It's a big issue as it defeats the purpose for a lot of image generation scenarios to output the original source also.

supermoos commented 2 years ago

Or perhaps some sort of post build way to delete those files again?

jkjustjoshing commented 2 years ago

@supermoos the naming convention of the files is regular, so you probably could write a script post-build that looks for the original file. It would be pretty fragile, but could do something like the following:

Look for files matching the regex /^([^.]+)\.([0-9a-f]+)\.([a-z]+)$/ - that is, "xxxx.abc123.jpg". This is an original (all non-original files have an underscore in the segment before the file extension). $1 is the first part of the path, $2 is the unique content hash, and $3 is the file extension. Before deleting it would be smart to make sure there exist optimized versions of this file - files that follow the pattern $1.$2_[anything alphanumeric].[any extension].

image
supermoos commented 2 years ago

Thanks for this. Seems a bit error prone though. What if I actually wanna keep some of the source files for some reason? The import suggestion would solve that issue.

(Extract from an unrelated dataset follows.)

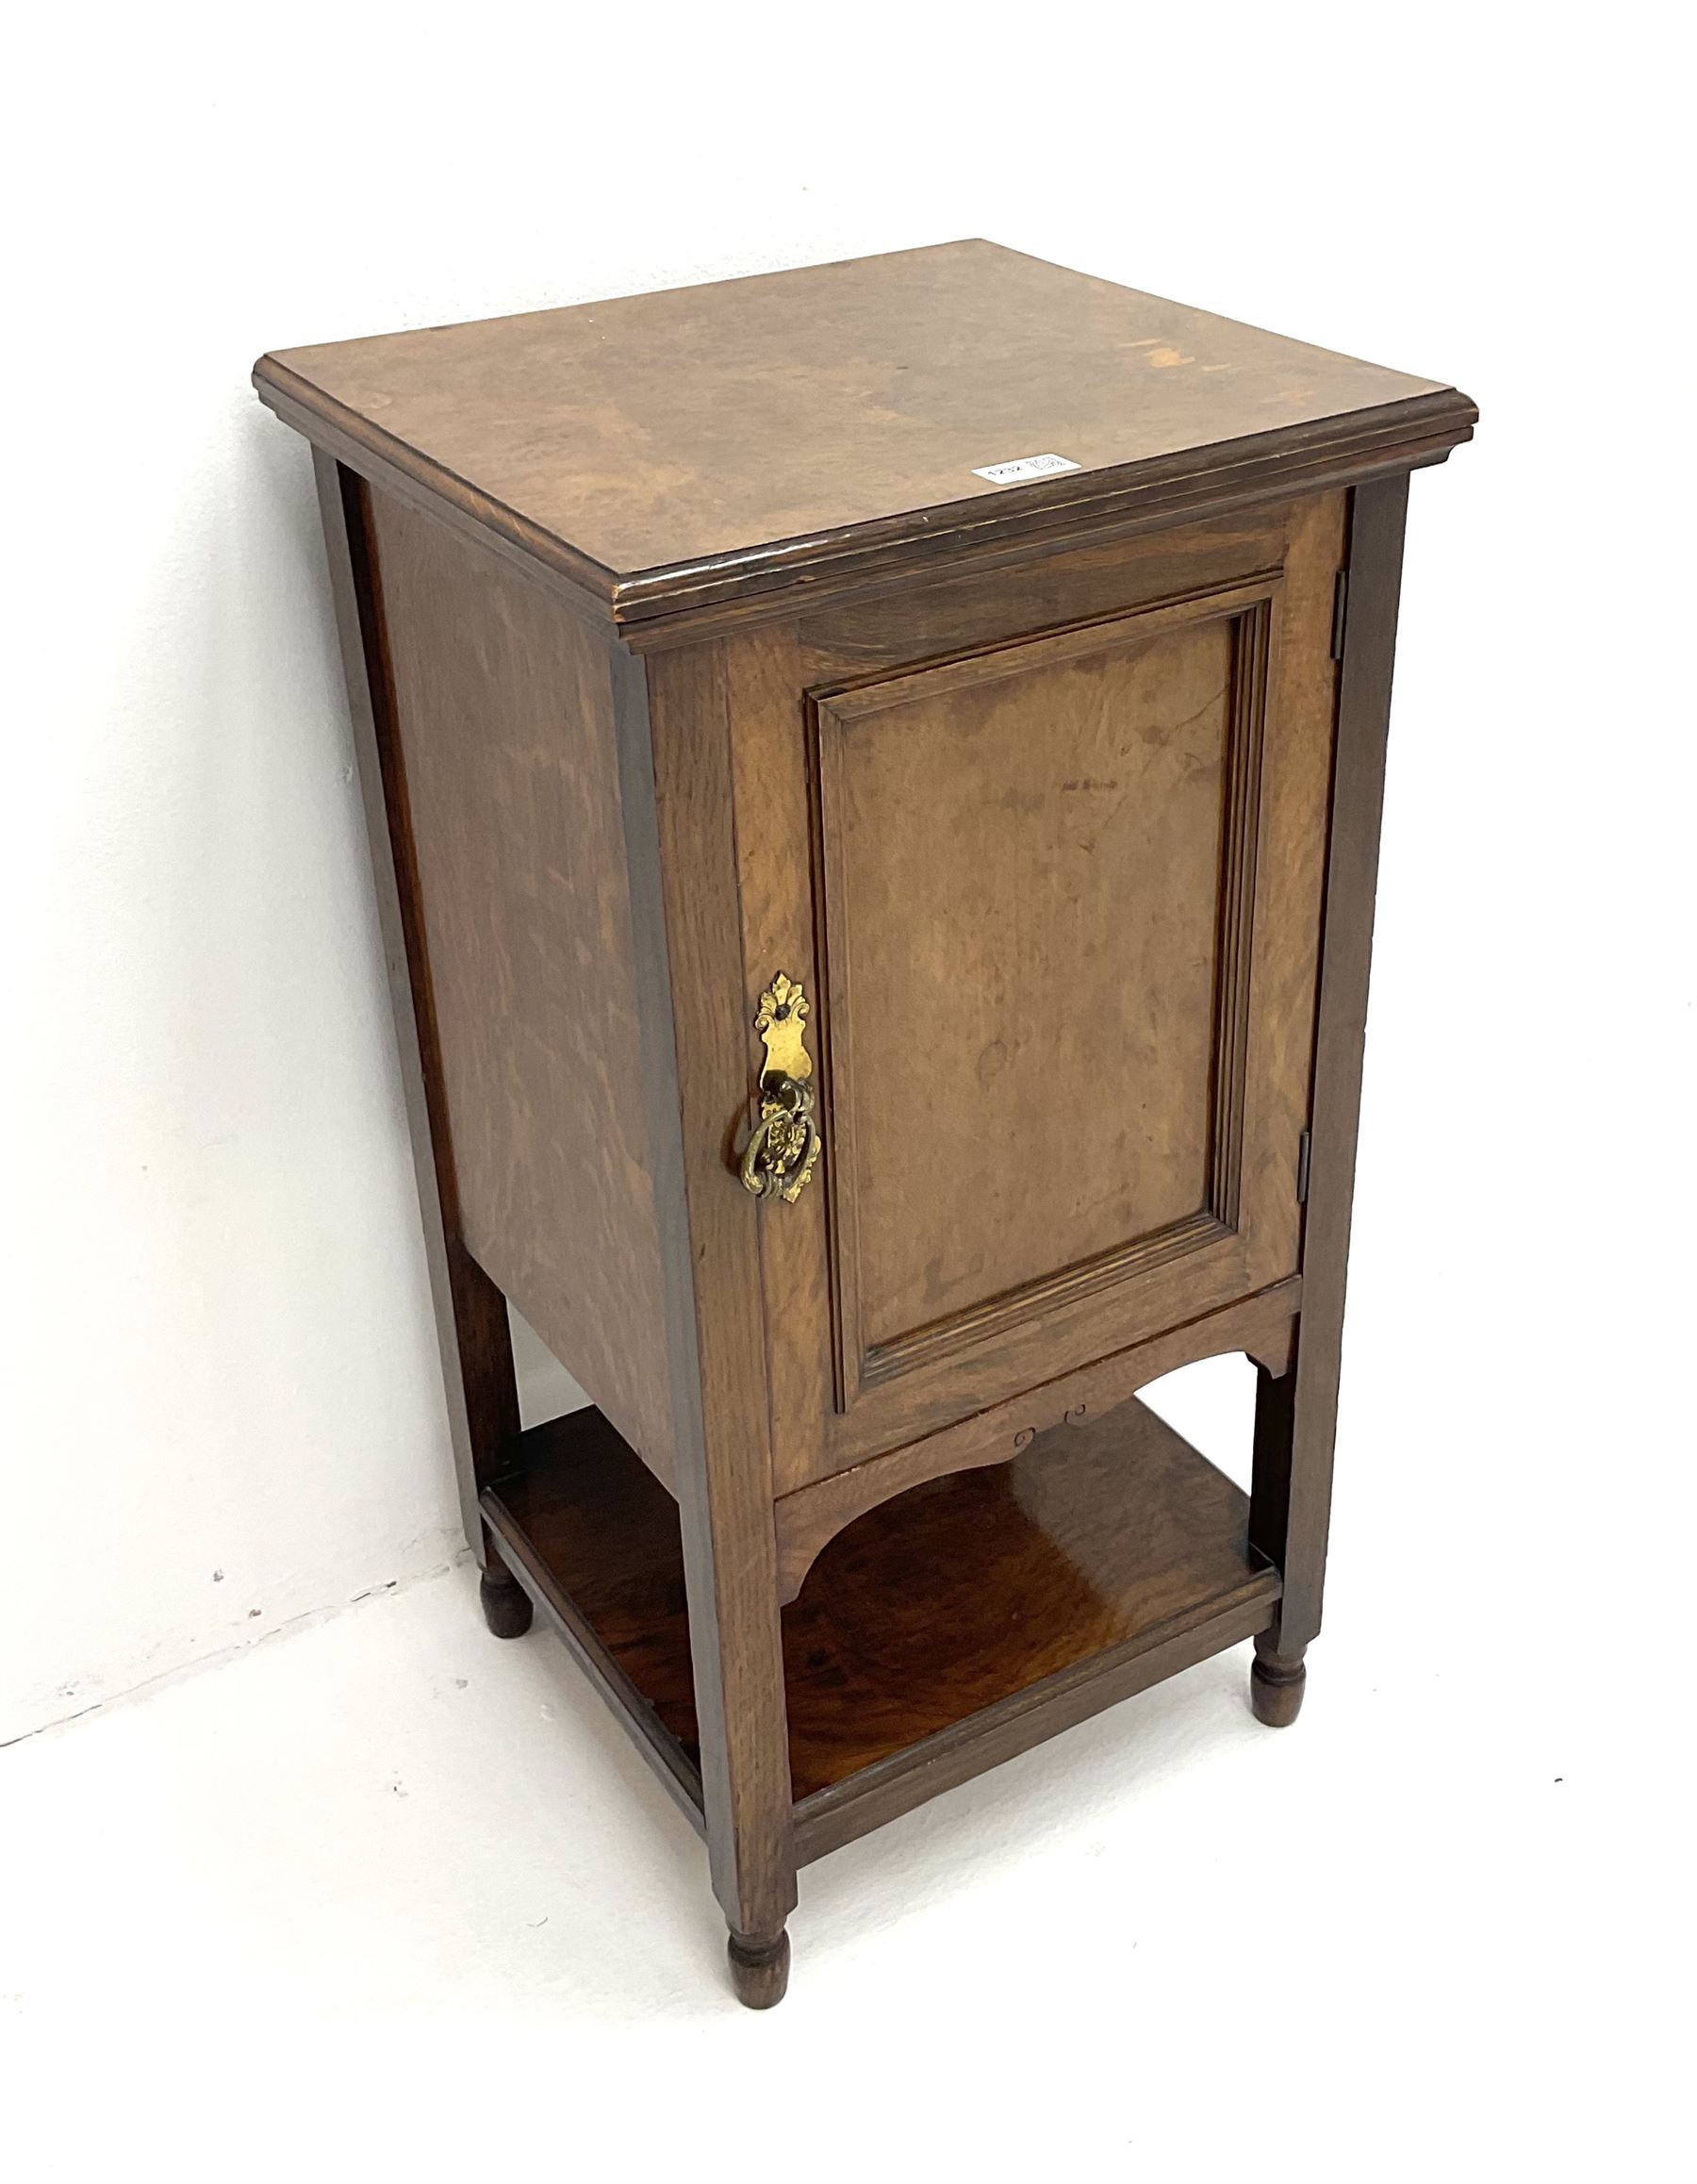 Edwardian oak bedside pot cupboard enclosed by panelled door - Image 2 of 3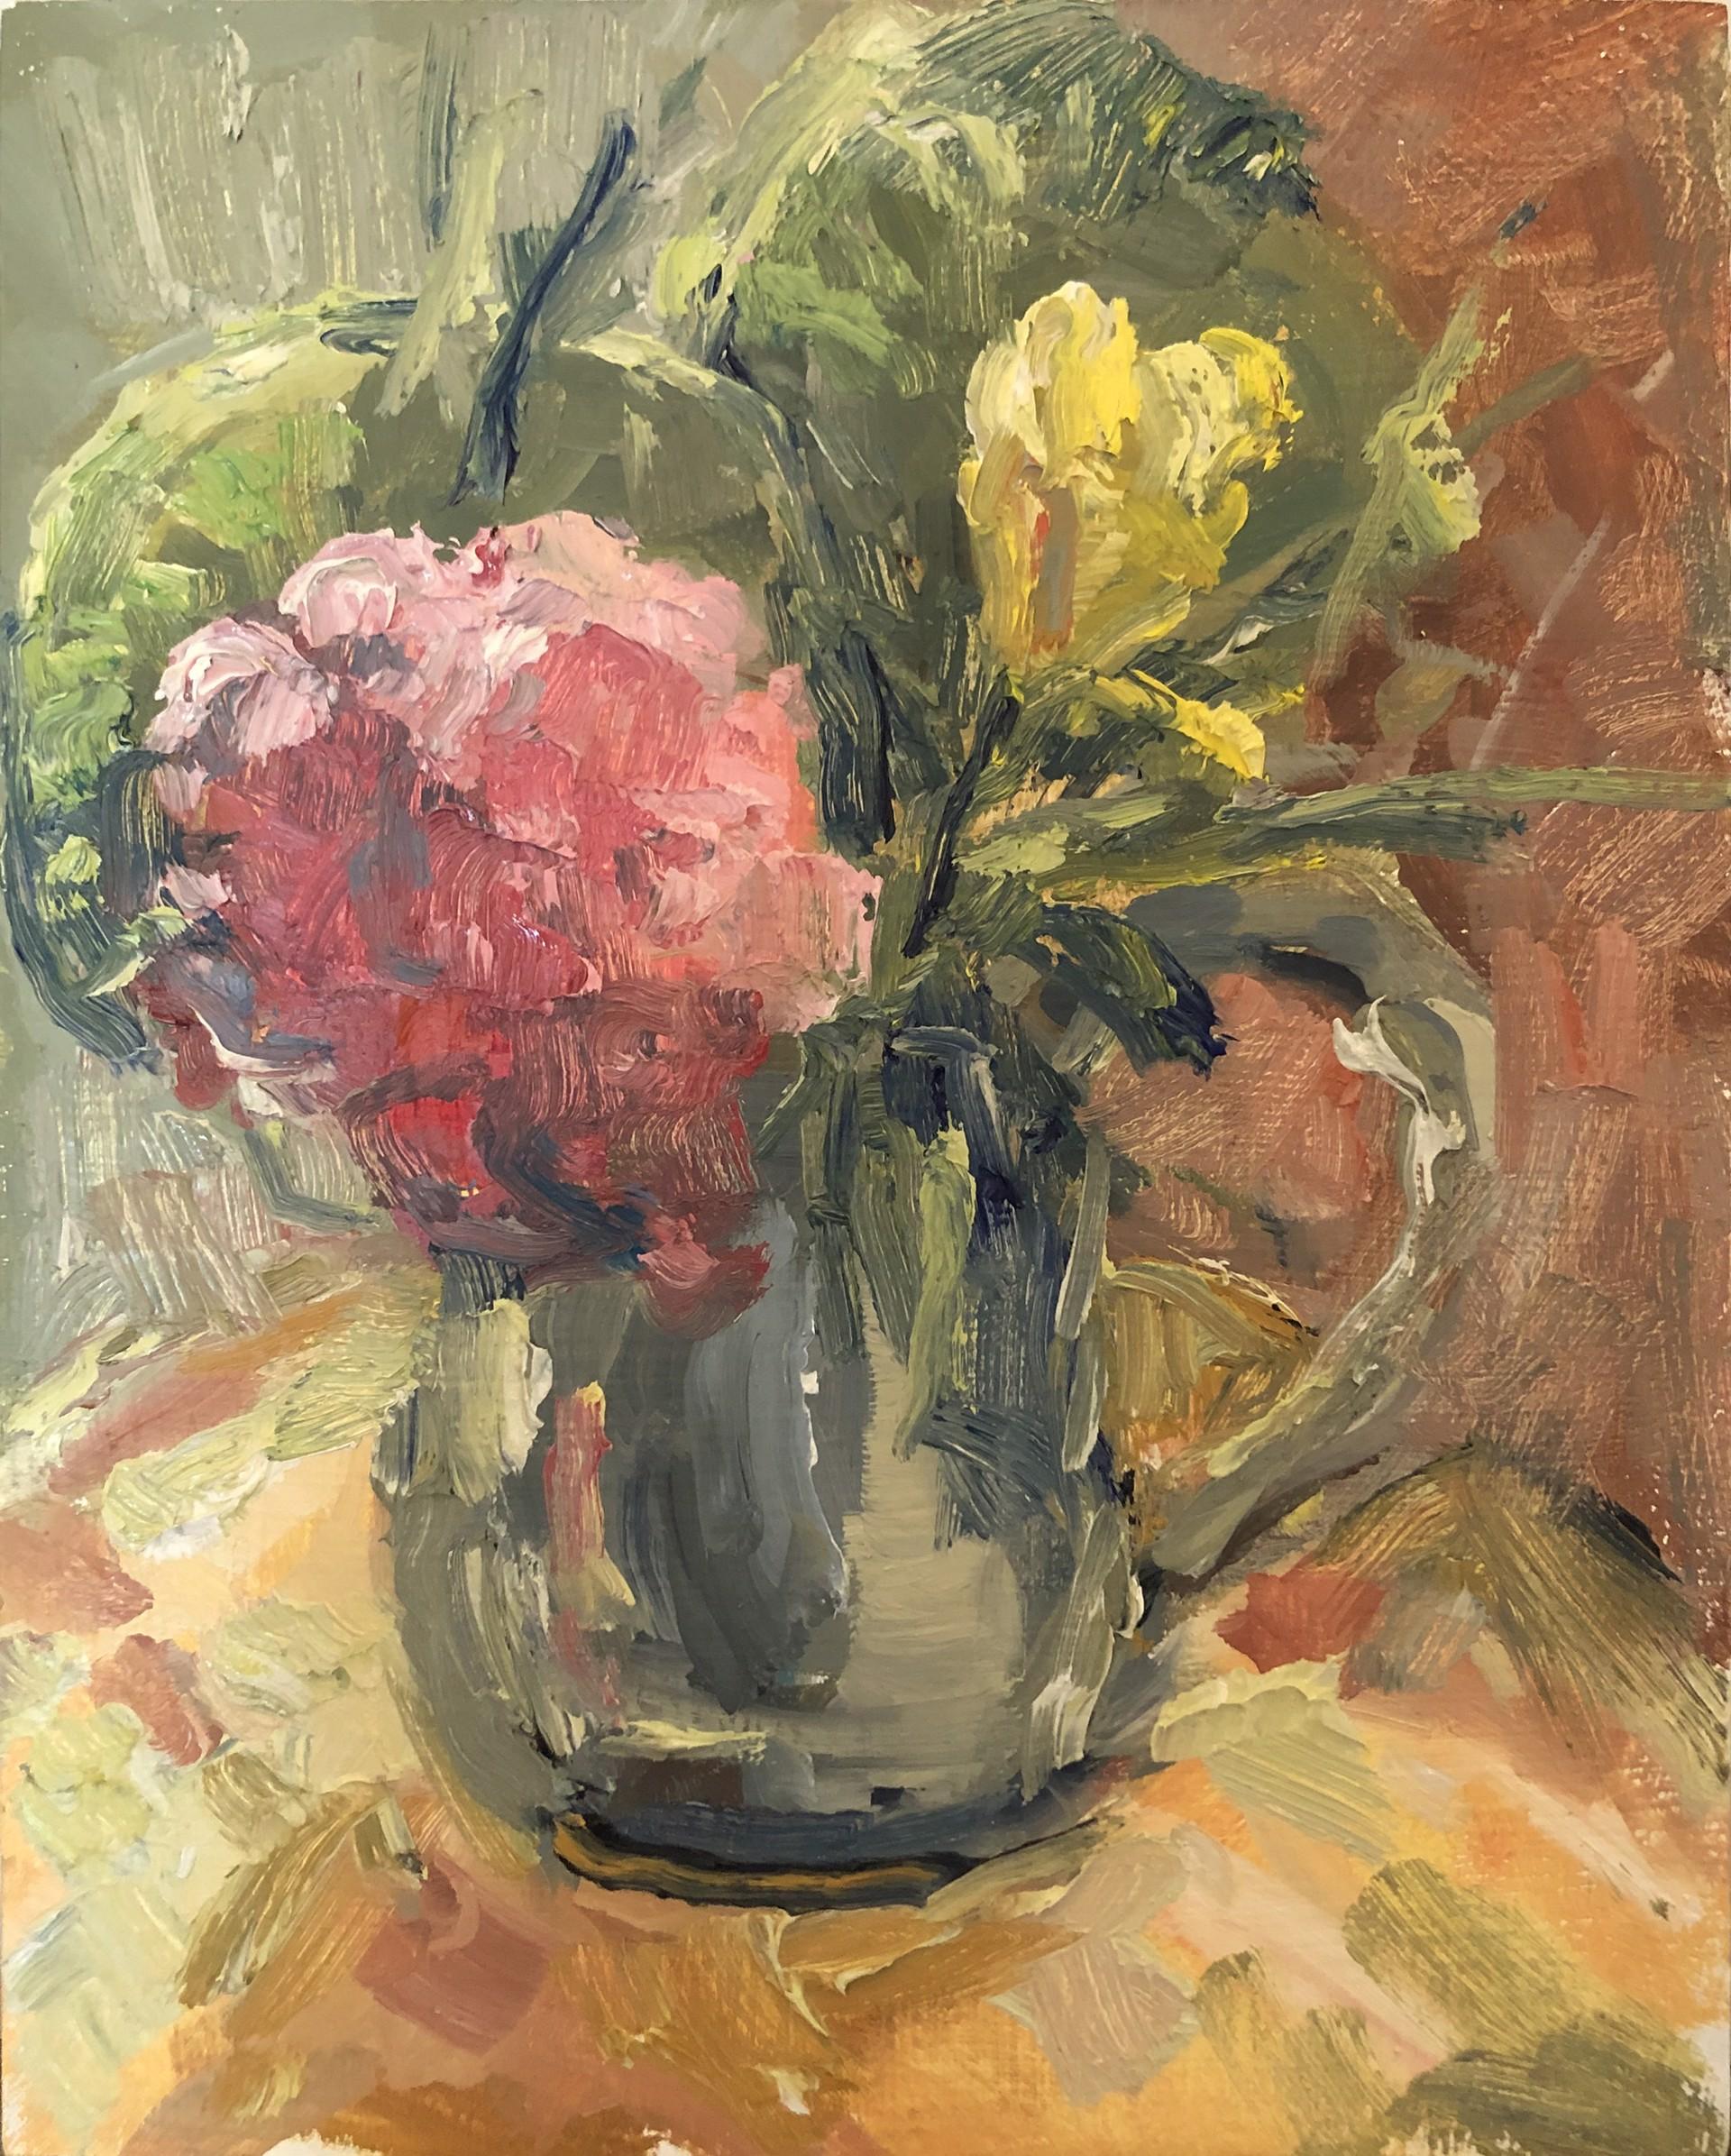 Flowers From My Garden by Karen Hewitt Hagan

simonwiles commented 1 year ago

Fwiw, this causes me a problem on a very image-heavy site, as my originals are large and when they're copied into the output folder I end up with something that's too big to upload to my hosting environment.

rikur commented 2 months ago

I get a lot of noise on aHrefs site audit, because the crawler will download the original images that are way too big.

robinwatts96 commented 2 months ago

Hi, this is a really useful thread. I'm having a somewhat unrelated issue, but this thread seems like the best place I could find help.

I want to get the final path to the images in the _astro folder dynamically in my head element. I need to do this before the build process, not on the client. It would be easy enough if I could do this on the client...

I want to set the og:image property in the head, but the value I set won't function as intended if set it on the client with JS, as Google scrapes your page pre any JS you add on the client.

So if there was a way for me to guess the abc123 part of the file path: "xxxx.abc123.jpg" then I think i'd be able to work the rest out.

Any help with this would be greatly appreciated!

@supermoos the naming convention of the files is regular, so you probably could write a script post-build that looks for the original file. It would be pretty fragile, but could do something like the following:

Look for files matching the regex /^([^.]+)\.([0-9a-f]+)\.([a-z]+)$/ - that is, "xxxx.abc123.jpg". This is an original (all non-original files have an underscore in the segment before the file extension). $1 is the first part of the path, $2 is the unique content hash, and $3 is the file extension. Before deleting it would be smart to make sure there exist optimized versions of this file - files that follow the pattern $1.$2_[anything alphanumeric].[any extension].

image
delucis commented 2 months ago

@robinwatts96 you can get the final output path by importing the image:

---
import cover from '../cover.jpg';
---

<meta name="og:image" content={new URL(cover.src, Astro.site)}>

If you need to do this more dynamically, this docs page may help: https://docs.astro.build/en/recipes/dynamically-importing-images/

Otherwise please do jump into our Discord chat where people are always happy to provide support: https://astro.build/chat

robinwatts96 commented 2 months ago

@delucis This is exactly what I needed - thank you so much, I appreciate your help.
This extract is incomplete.